Mulgrew’s justification for the endorsement focused on workplace concerns. “We have to make New York City safer and more affordable for working- and middle-class families,” he said, as per the report in The New York Post. “We need a mayor who understands the task before us and who will help us get it done.”

Yet critics argue that the UFT’s real priority is consolidating control over public education. Mamdani’s education agenda—full implementation of class size caps, enhanced pay and benefits, expanded pre-K and 3-K programs—is tailor-made for union approval, even as it comes with steep fiscal and administrative costs.

Nowhere has the backlash to the UFT’s decision been more vocal than among Jewish educators, many of whom say they feel betrayed by a union leadership that previously campaigned on solidarity against antisemitism.

In an exclusive interview with The New York Post, Moshe Spern, president of the United Jewish Teachers, condemned the endorsement, citing Mamdani’s long-documented hostility toward Israel and his repeated refusals to denounce the inflammatory slogans chanted by anti-Israel protesters.

“We understand that Mamdani’s campaign promises are attractive to the UFT, but many feel let down with this selection,” Spern told The New York Post. “Mulgrew was supported by many Jewish educators because of anti-Zionist candidates running against him. Now he’s chosen to support an anti-Zionist mayoral candidate.”
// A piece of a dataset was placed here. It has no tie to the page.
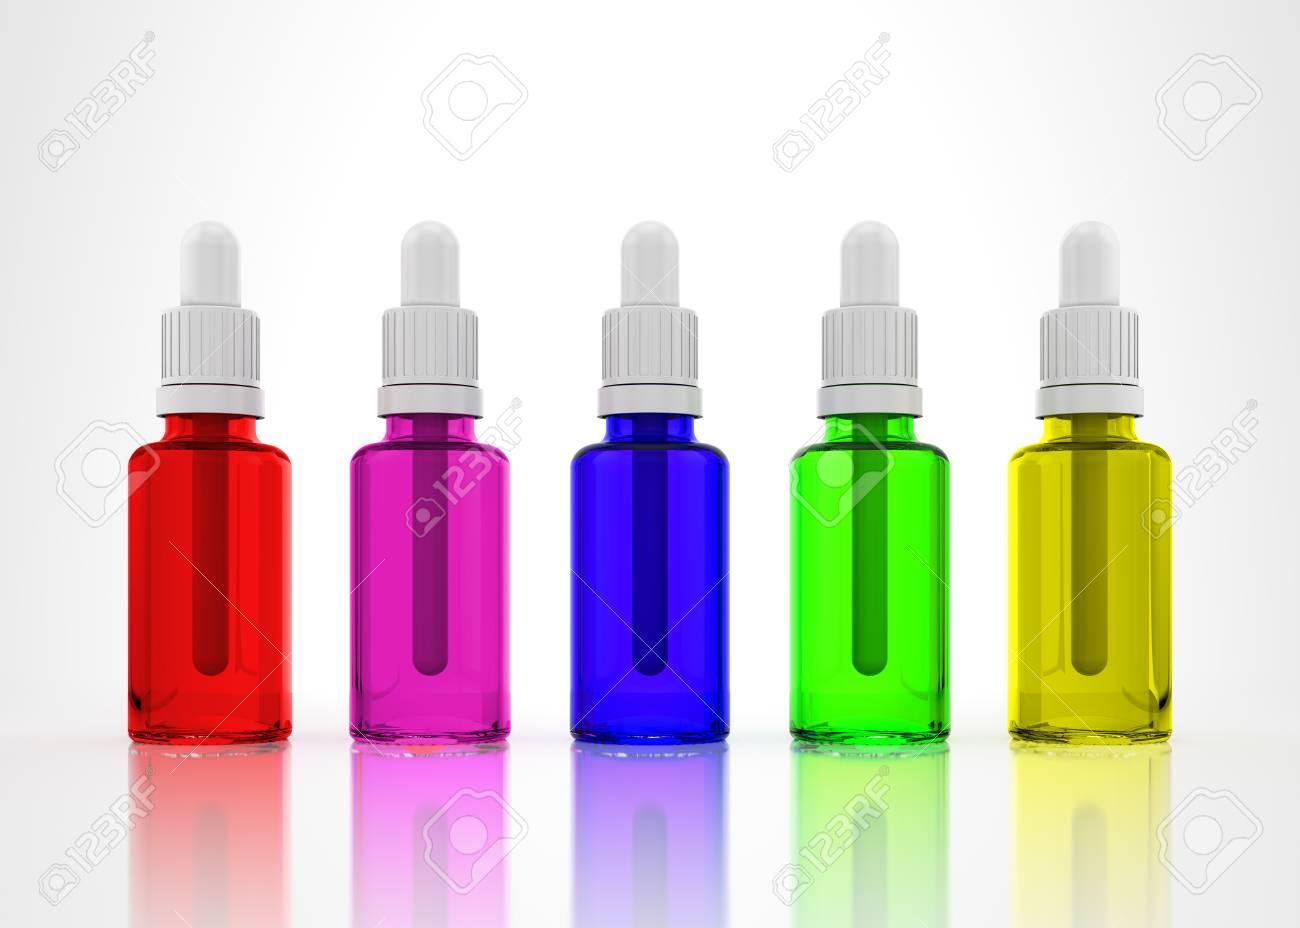 Eye Dropper Bottle Isolated on a white background Stock Photo - 23300217

The endorsement passed with 63% of the vote—revealing, despite strong internal opposition, the union’s prevailing appetite for radical politics. Several UFT members spoke on condition of anonymity to The New York Post, expressing deep concern that Mamdani’s rhetoric and worldview risk alienating Jewish students, families, and educators in a city with more than 1.3 million Jewish residents.

Mamdani’s views on Israel have already stirred significant public controversy. He has refused to recognize Israel as a Jewish state, has defended protesters chanting “Globalize the Intifada,” and co-founded a chapter of Students for Justice in Palestine that invited speakers with documented links to anti-American and anti-Israel extremism.
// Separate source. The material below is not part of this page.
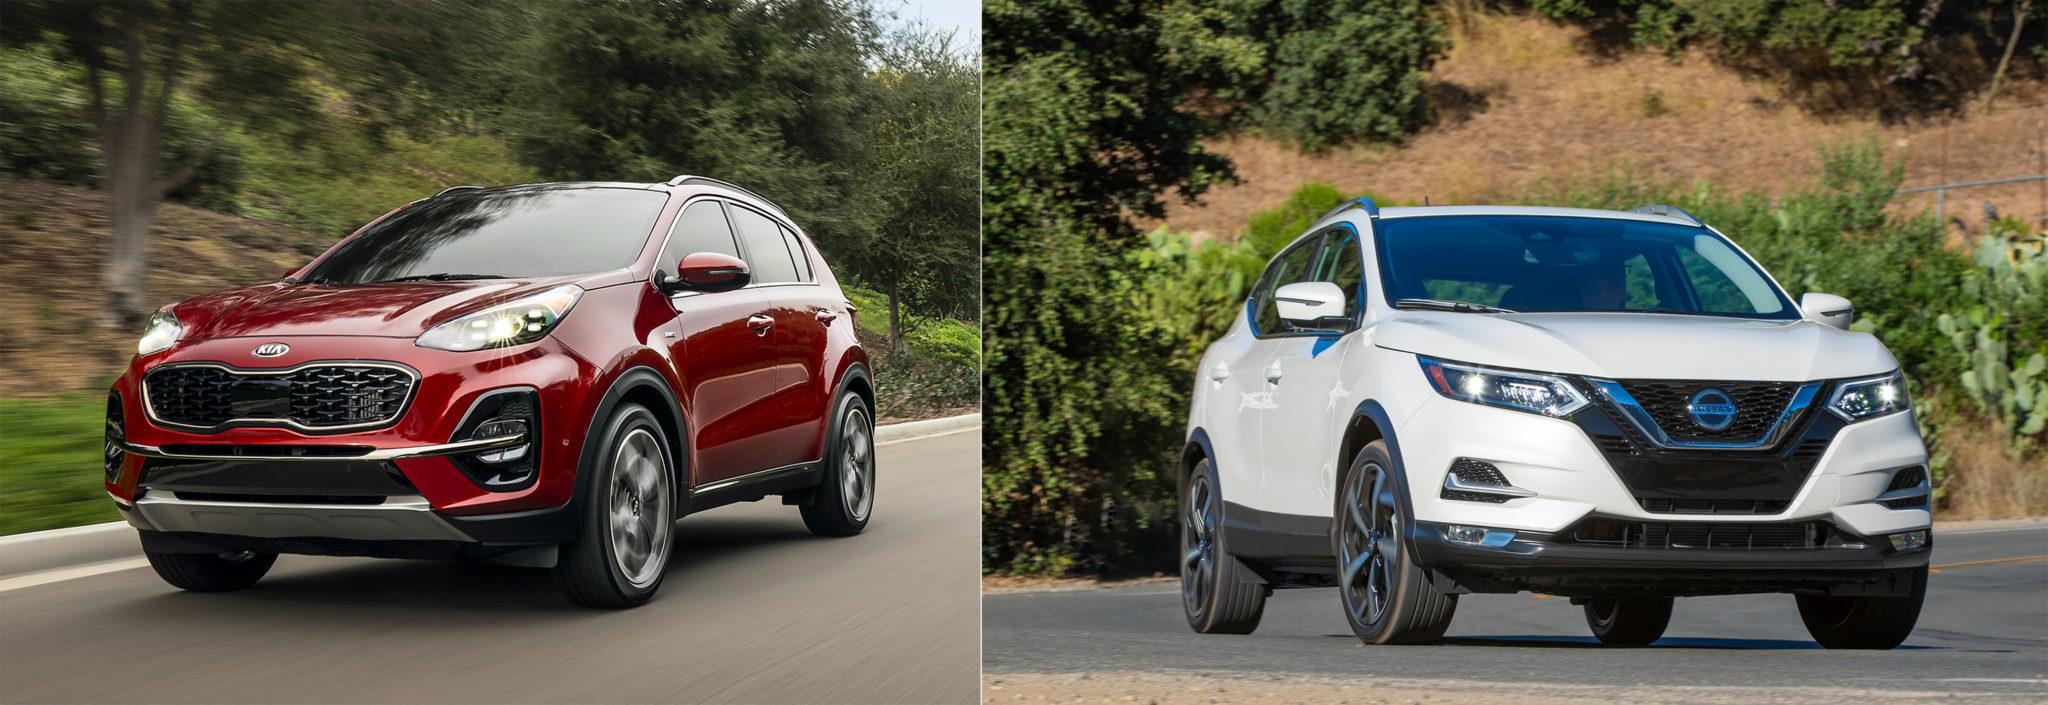 Kia Sportage vs Nissan Rogue Sport

As The New York Post recently reported, one such speaker, As’ad AbuKhalil, once claimed that the U.S. “brought 9/11 on itself” and praised George Habash, founder of the Popular Front for the Liberation of Palestine—a group designated as a terrorist organization by the U.S. government.

Mamdani’s public silence on these affiliations, combined with his policy platform, has led many to conclude that his ideological program is rooted less in education reform and more in radical re-engineering of city institutions. The UFT, they argue, has become an enabler.

For moderate Democrats and independents, the UFT’s endorsement serves as a sobering reminder of how quickly institutions can become unmoored from their foundational missions. What began as a union dedicated to advancing the rights of educators has, in the eyes of many, become a political instrument for a narrow ideological faction.

The New York public school system—already burdened by declining enrollment, persistent racial and economic achievement gaps, and post-pandemic learning loss—now faces the prospect of being subjected to an experimental model of “co-governance” that may lack clear accountability.

As The New York Post editorial board warned, “Entrusting the future of our children to ideologues more interested in politics than pedagogy is a recipe for civic disaster.”

Mamdani, who will face Curtis Sliwa and independent Democrats Eric Adams, Andrew Cuomo, and Jim Walden in the general election, has yet to provide a detailed explanation of how his “co-governance” model would function in practice.

Would it resemble the failed governance boards of the 1990s, rife with political infighting and paralysis? Would it empower activist groups with little experience in education? Would parental input be selectively curated based on ideological alignment?

These are the unanswered questions that now loom over New York’s future.

In the weeks ahead, voters will decide not just the next mayor but the ideological direction of the public school system. As the UFT and its allies press forward, critics are left asking: at what cost?